5. The device of claim 4 wherein said virtual cache memory means further comprises:
means connected between said first priority encoder and said data line table for providing, in addition to said virtual cache address, incremented and decremented addresses, said incremented and decremented addresses accessing said address table for reading corresponding virtual addresses therefrom;
registers receiving from said address table said virtual addresses corresponding to said incremented and decremented addresses;
second and third comparators respectively receiving said corresponding virtual addresses from said registers, both said comparators also receiving a virtual address from said address table corresponding to said virtual cache address and outputting a comparison result designating whether said decremented and incremented addresses correspond to said virtual cache address, said means for providing said incremented and decremented addresses also accessing said data line table subsequent to a positive comparison result.
6. The device of claim 4 wherein said virtual cache memory means further comprises:
first and second in-use register banks connected in series to a data output of said data line table, said in-use register banks storing bits designating data cache addresses stored in said data line table in a current processing time frame and a previous processing time frame, respectively;
a priority encoder connected to an output of said second in-use register bank and to a data input of said data line table, said priority encoder providing a first available data cache address to said data line table for allocation to a virtual cache address.
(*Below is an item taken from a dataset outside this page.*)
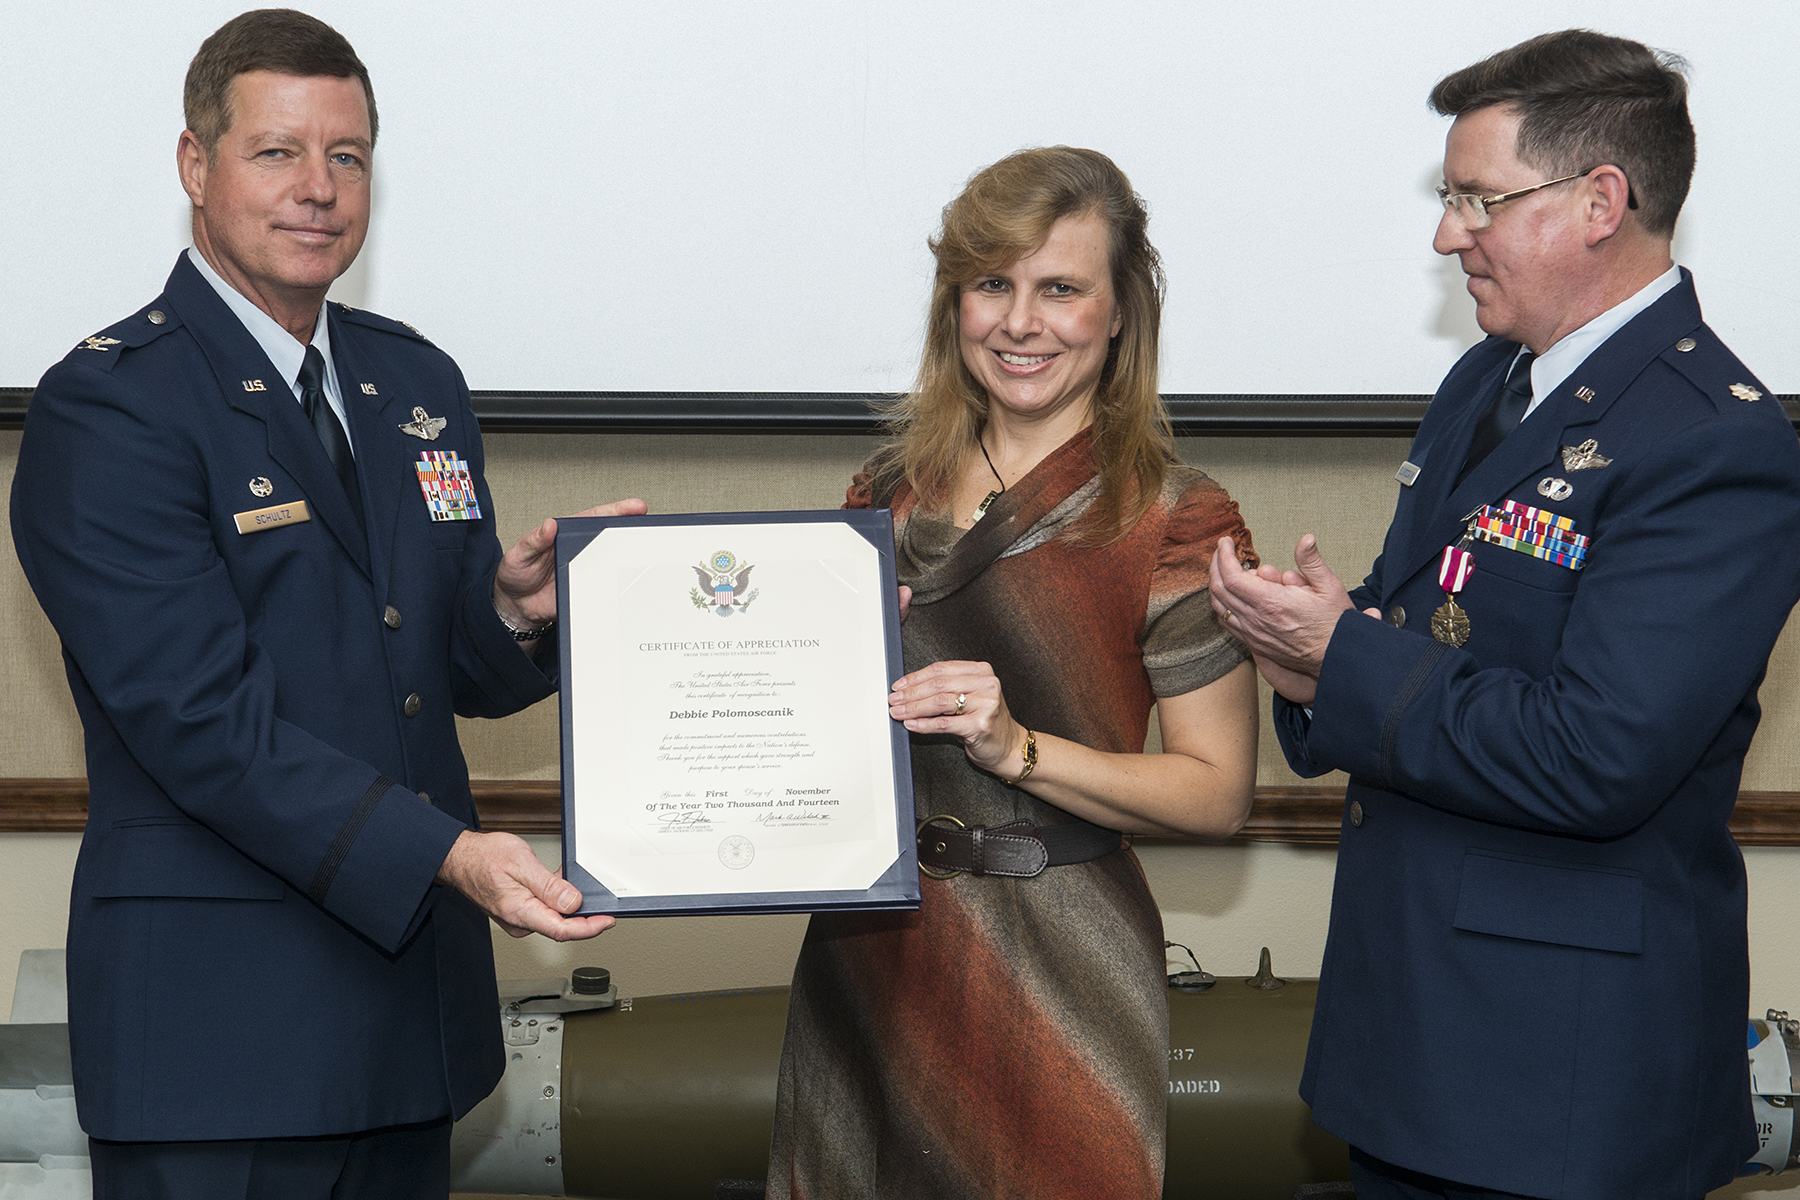 Air Force Spouse Letter Of Appreciation Certificate Of Appreciation For Service In The Armed Other Photos Of People In Uniform Should Have Their Face Tekan

7. A method, in a digital sound-producing device, for accessing audio sample data corresponding to a sample memory address specified by a digital signal processor (DSP) of the device, the method comprising the steps of:
providing a data cache memory in a data path between said DSP and a sample memory and providing a virtual cache memory block in an address path between said DSP and both said sample memory and said data cache memory;
receiving a virtual address from said DSP by said virtual cache memory block, said virtual address representing a request by said DSP for access to audio sample data at a corresponding sample memory address;
determining whether said received virtual address corresponds to an allocated cache line of said data cache memory, and if not, then allocating a cache line of said data cache memory as corresponding to said virtual address and, for a read request, transferring audio sample data from said corresponding sample memory address of said sample memory to said newly allocated cache line of said data cache memory; and
addressing, in a subsequent processing time frame, said data cache memory at a cache line allocated to said virtual address and transferring audio sample data between said allocated cache line and said DSP.
8. The method of claim 7 wherein a complete transfer of audio sample data to and from cache lines of said data cache memory comprises a burst of successive transfers of blocks of audio sample bits, wherein said cache lines have a bit size capable of storing multiple blocks of audio sample data.
9. The method of claim 7 wherein receiving said virtual address comprises:
accessing a configuration table with a current processing slot number received from said DSP, said configuration table storing a designated first virtual cache address for each said slot number;
adding said first virtual cache address accessed from said configuration table for said received slot number with an access request number also received from said DSP to obtain a current virtual cache address; and
storing said current virtual cache address, said received virtual address, and a read/write request bit in a first-in, first-out (FIFO) memory.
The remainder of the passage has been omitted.